Recorded data:
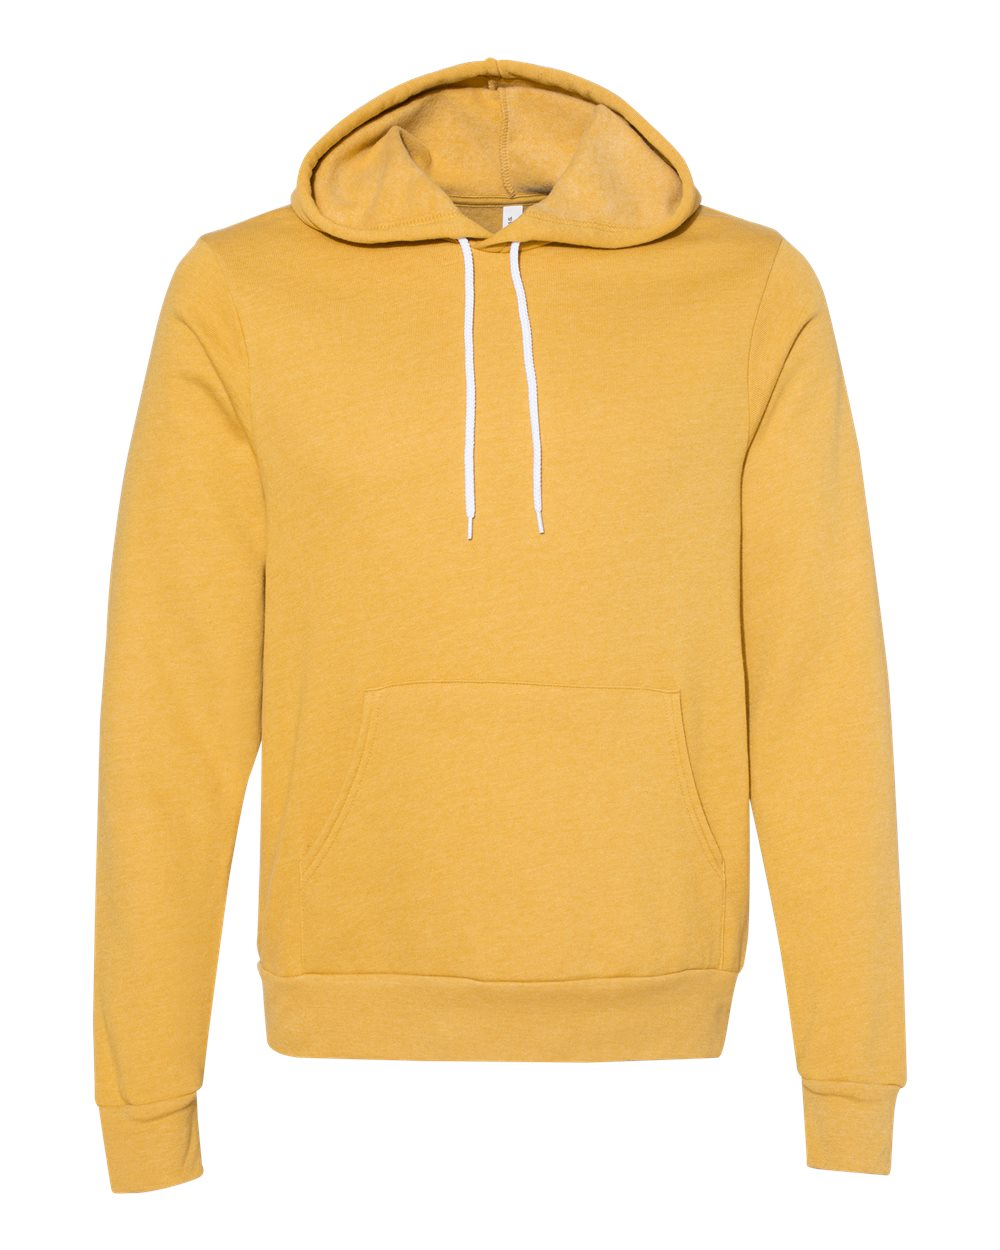 Bella-Canvas-Unisex-Sponge-Hooded-Pullover-Sweatshirt-Blank-3719-up-to-2XL thumbnail 49
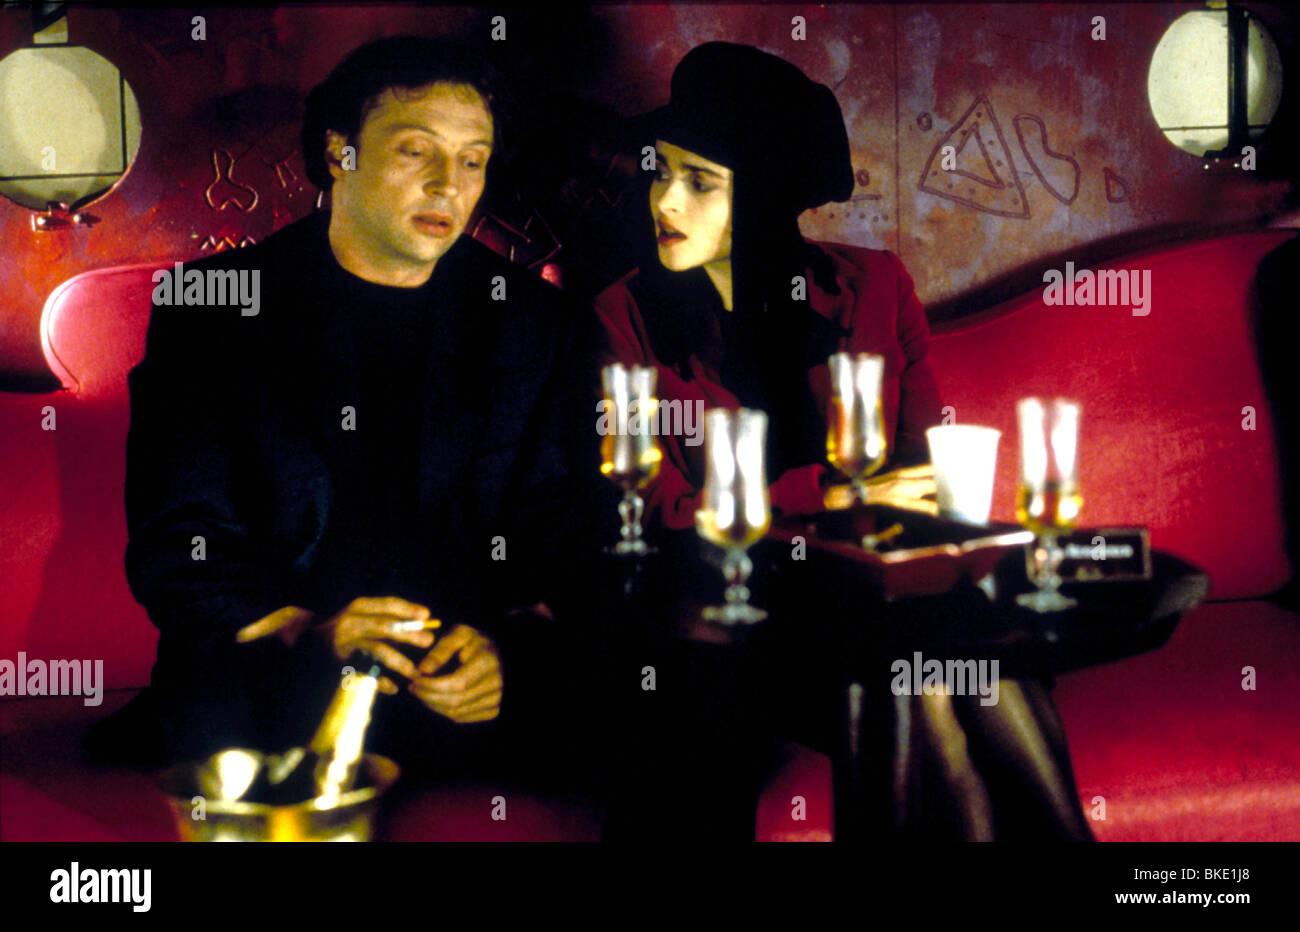 d5d163f7845 PORTRAITS CHINOIS (1996) SHADOW PLAY (ALT) JEAN-PHILIPPE ECOFFEY, HELENA  BONHAM CARTER PORT 063
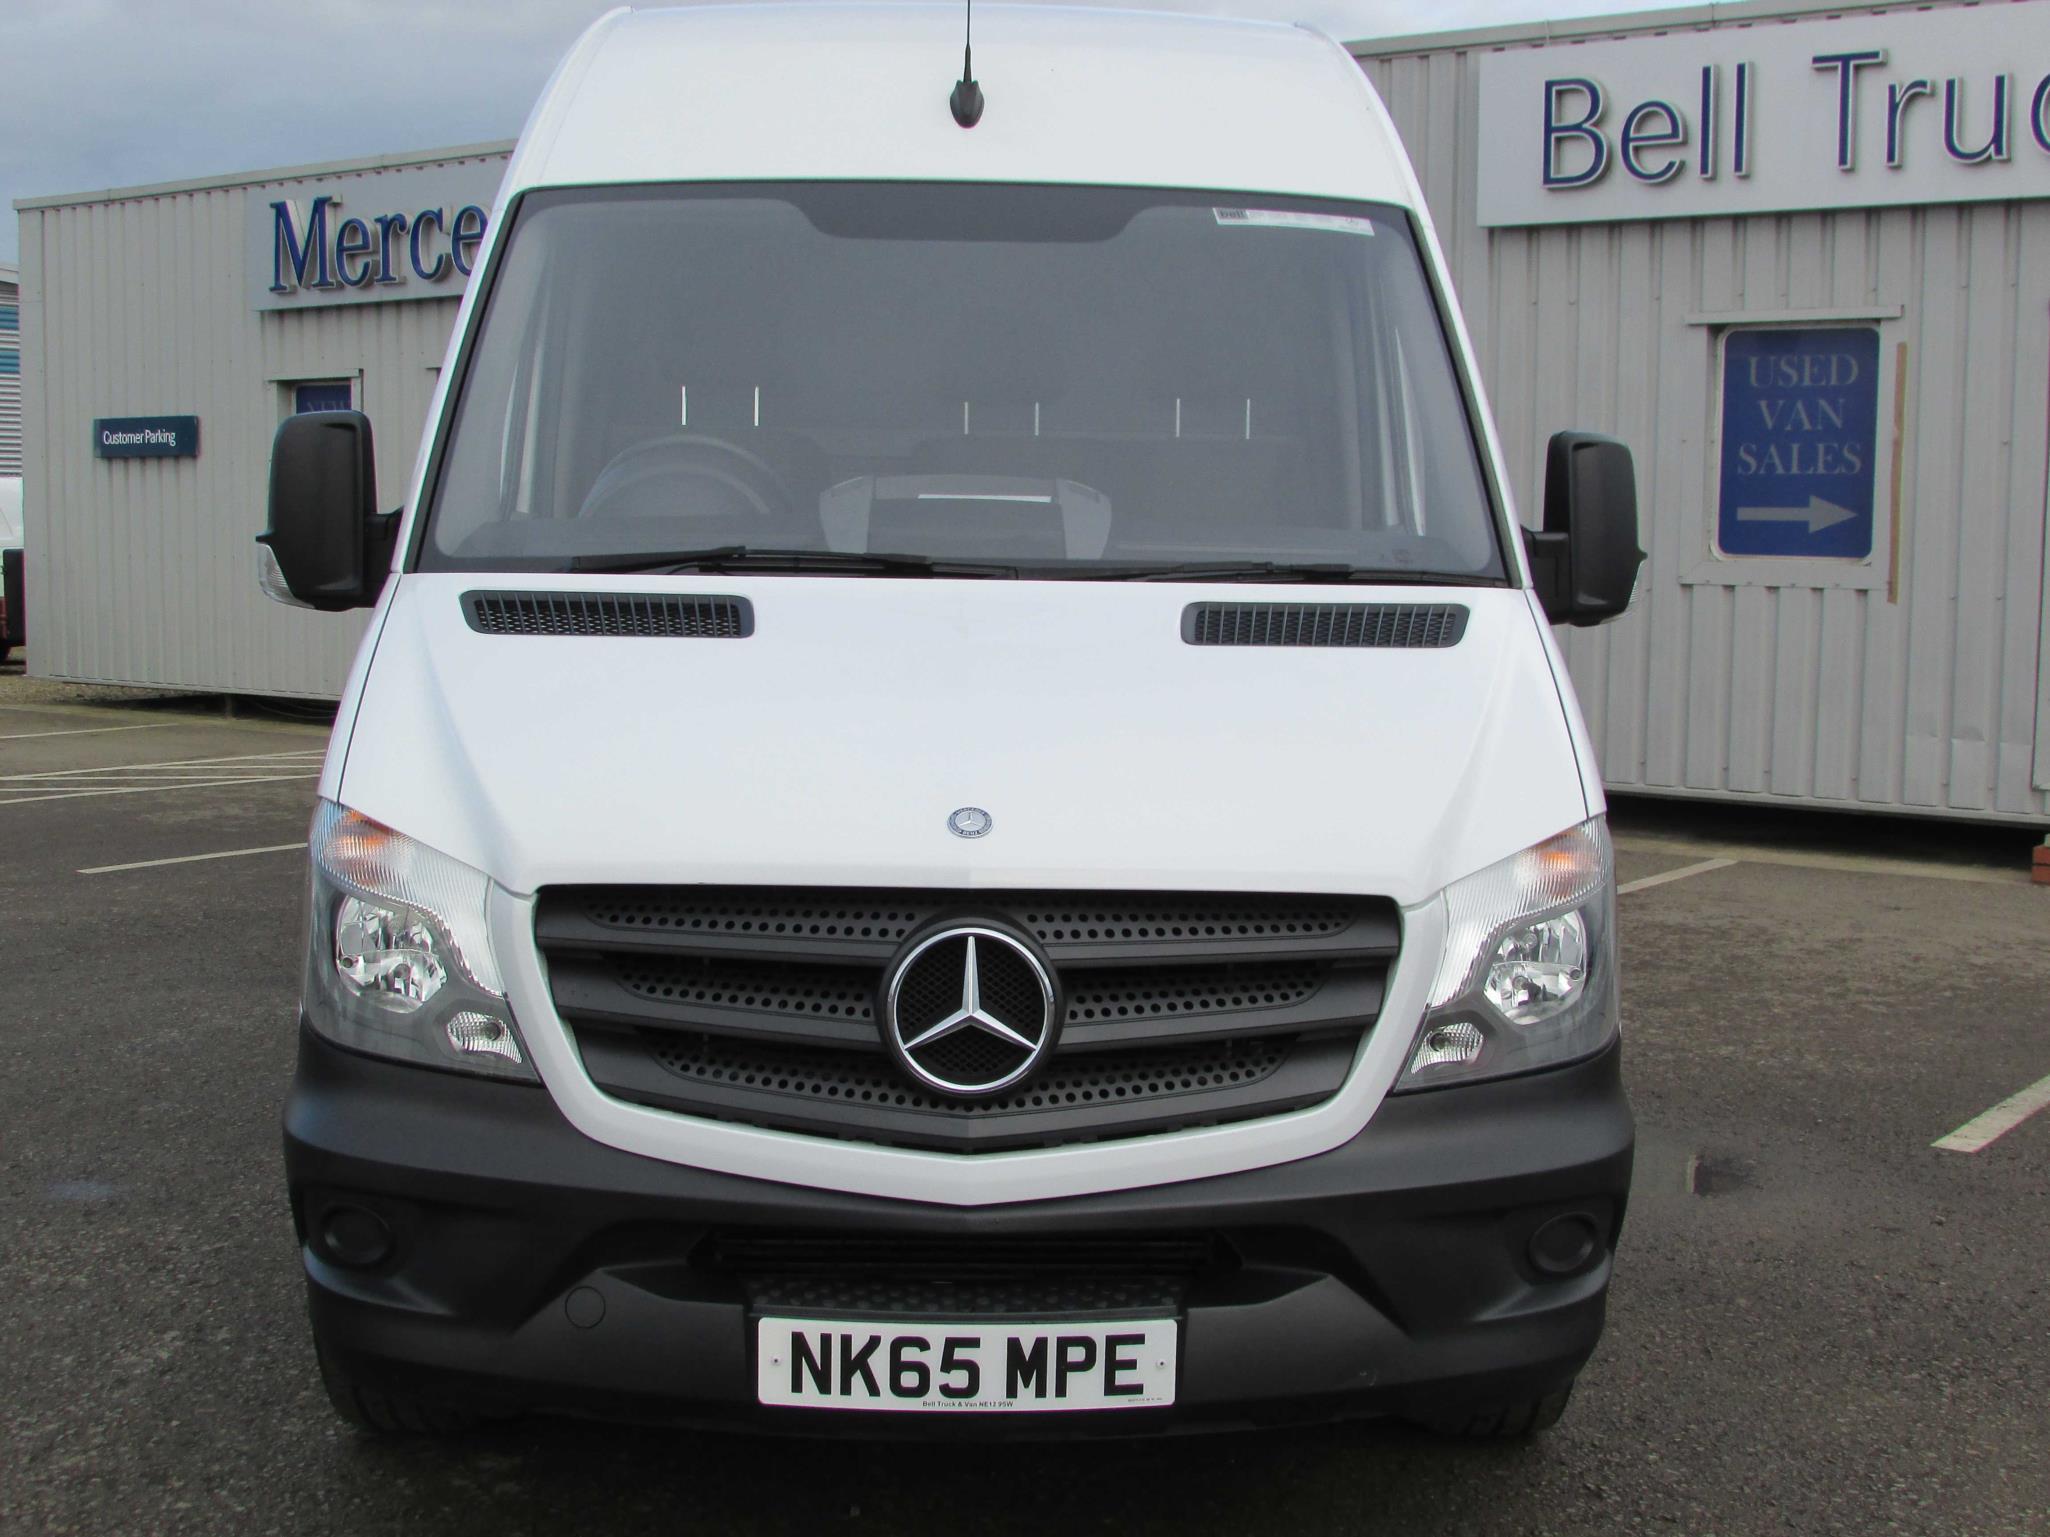 Mercedes benz sprinter 313cdi van bell truck and van for Mercedes benz sprinter van accessories

Description of the task:
With images left out, the data must be transcribed exactly.

Exercise solution:
 Bella-Canvas-Unisex-Sponge-Hooded-Pullover-Sweatshirt-Blank-3719-up-to-2XL thumbnail 49
 d5d163f7845 PORTRAITS CHINOIS (1996) SHADOW PLAY (ALT) JEAN-PHILIPPE ECOFFEY, HELENA  BONHAM CARTER PORT 063
 Mercedes benz sprinter 313cdi van bell truck and van for Mercedes benz sprinter van accessories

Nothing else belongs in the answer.